1.「目線を上げる」(旅行市場の概観、インバウンドの取り込み)
2.「競争力の向上」(国内外のデスティネーションと戦うために必要なこと、物見遊山の一回限りの観光から、リピーター獲得戦略へのシフト)
3.「総力戦のための体制づくり」(地域経営の観点、強みを磨くための連携)
1時間にわたる講演では、最新のデータの分析に基づき、矢ヶ崎さんが関わったプロジェクトなど、豊富な具体例を織り交ぜながら進行しました。「松島湾エリア」が「エリア一体型観光」で成果を上げるための多くの“ヒント”が示されました。
そのいくつかをご紹介すると・・・
国内の観光地との競争に勝つための「競争力」。不可欠なのは、「初回訪問者に訴求すること」、また「リピーター率を高めること」であるという指摘がありました。
参加者へ「日本三景は、今でもブランドですか?」、「どれくらいのリピーターがいますか?」といった問いかけも。(若い世代では、「日本三景」を知らない人も多いそうです!)
広域連携の先行事例である「海の京都」(京都府)の取り組みや、「旅行に行かない人に訴求する」事例として、キャラクター(カピバラさん)を活用して成功した長野県渋温泉の取り組みなどが紹介されました。
また、「リピーター戦略」の重要性では、「『知ってもらう』という宣伝コストがかからない」、「価格競争の悪循環に陥ることがない」、「家族や友人など、リピーターが『営業』をしてくれる」などのメリットを指摘。
そのリピーター獲得のためには・・・
「回数が浅い旅行者をリピーター化するには、『満足度』が重要であること」
「地域との接点が少ない、単なる『観光地巡り』のプログラムでは、5年以内のリピート率が低いこと」
「初回の観光客のプログラムに、リピーターとなる『種』を入れること」
「地元の人々との『交流経験』がリピート率を上げる」
「そのためには、『ホスピタリティの向上』が“鍵”であること」
・・・といった、取り組みに必要な心構えも紹介されました。
統計によれば、初回訪問者が「リピーター」となって再び戻ってくる期限は、2年以内(!)。

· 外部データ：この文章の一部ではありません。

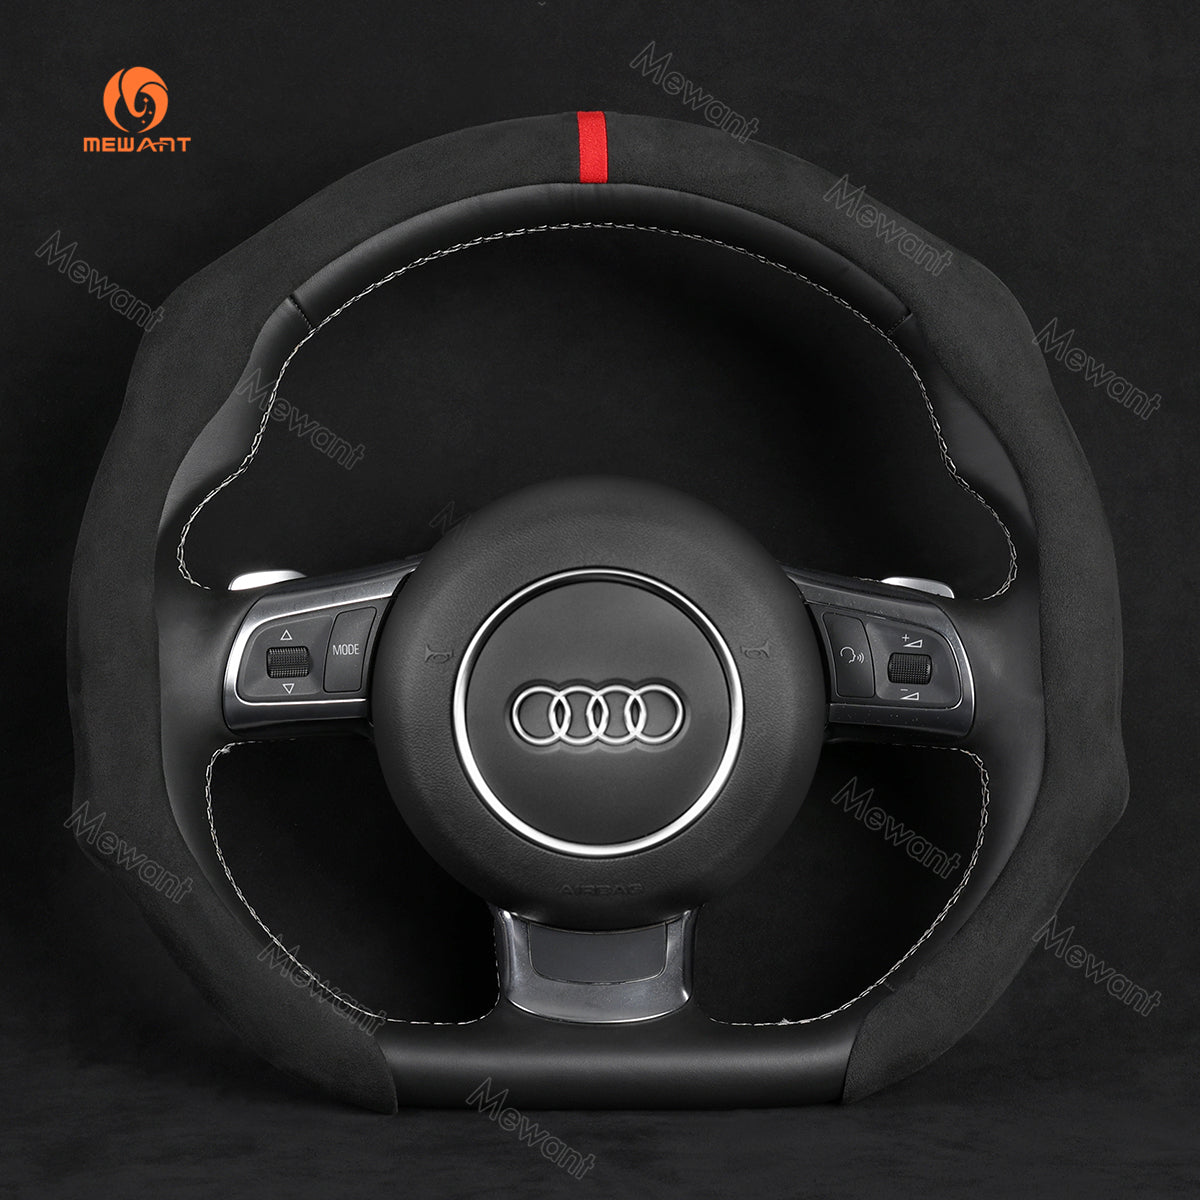 MEWANT Alcantara Universal Car Steering Wheel Cover for Most Audi Mercedes Benz BMW VW Subaru Hyundai Kia...

「早いうちに手を打って2年以内にリピートしてもらうことが重要」だと矢ヶ崎さんは指摘します。
ちなみに、大分県湯布院温泉の場合、6割がリピーター(!)というデータがあります。
基調講演のまとめとして、最後に矢ヶ崎さんが「エリア一体型観光」に重要な3点をまとめました。
◎「一度見たら終わりの景色だけでの集客には限界がある」
⇒新規顧客獲得のプロモーション費用がかかり続ける。
◎「繰り返し来てもらうためには、地域の魅力が重層化した奥深さ(景色×体験)が必要」
⇒松島湾というまとまりのよいエリア内での総力戦の体制作り
そのためには・・・
◎「魅力づくりには、地域の多様な主体の参画が必要」
⇒若者からお年寄りまで、旅行者の目線に立てる人の活動。
基調講演の終了後、引き続き松島湾エリアで活躍する皆さんによるパネルディスカッションが行われました。その模様は、後編でご紹介いたします。
(後編へ続く)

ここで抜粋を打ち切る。